Pharmacological perturbation reveals deficits in D2 receptor responses in Thap1 null mice

Natalie M. Frederick; Morgan M. Pooler; Parth Shah; Alessandro Didonna; Puneet Opal

doi:10.1002/acn3.51481

Pharmacological perturbation reveals deficits in D2 receptor responses in Thap1 null mice

Natalie M. Frederick, Morgan M. Pooler, Parth Shah, Alessandro Didonna, Puneet Opal^*

^*Corresponding author for this work

Neurology

Research output: Contribution to journal › Article › peer-review

Abstract

The primary dystonia DYT6 is caused by mutations in the transcription factor Thanatos-associated protein 1 (THAP1).

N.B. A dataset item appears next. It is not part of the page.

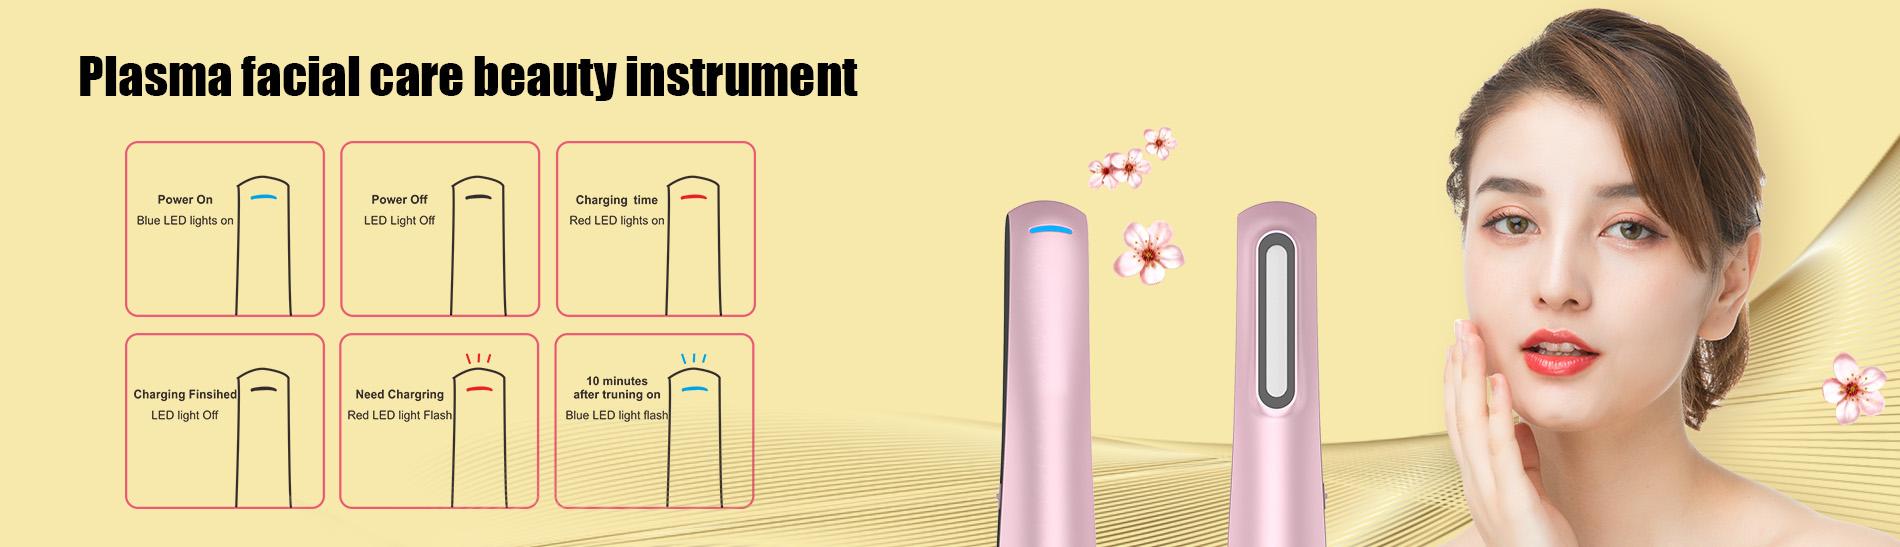 olansi beauty instrument manufacturer 3

To understand THAP1’s functions, we generated mice lacking THAP1 in the nervous system. THAP1 loss causes locomotor deficits associated with transcriptional changes. Since many of the genes misregulated involve dopaminergic signaling, we pharmacologically challenged the two striatal canonical dopamine pathways: the direct, regulated by the D1 receptor, and the indirect, regulated by the D2 receptor. We discovered that depleting THAP1 specifically interferes with the D2 receptor responses, pointing to a selective misregulation of the indirect pathway in DYT6 with implications for pathogenesis and treatment.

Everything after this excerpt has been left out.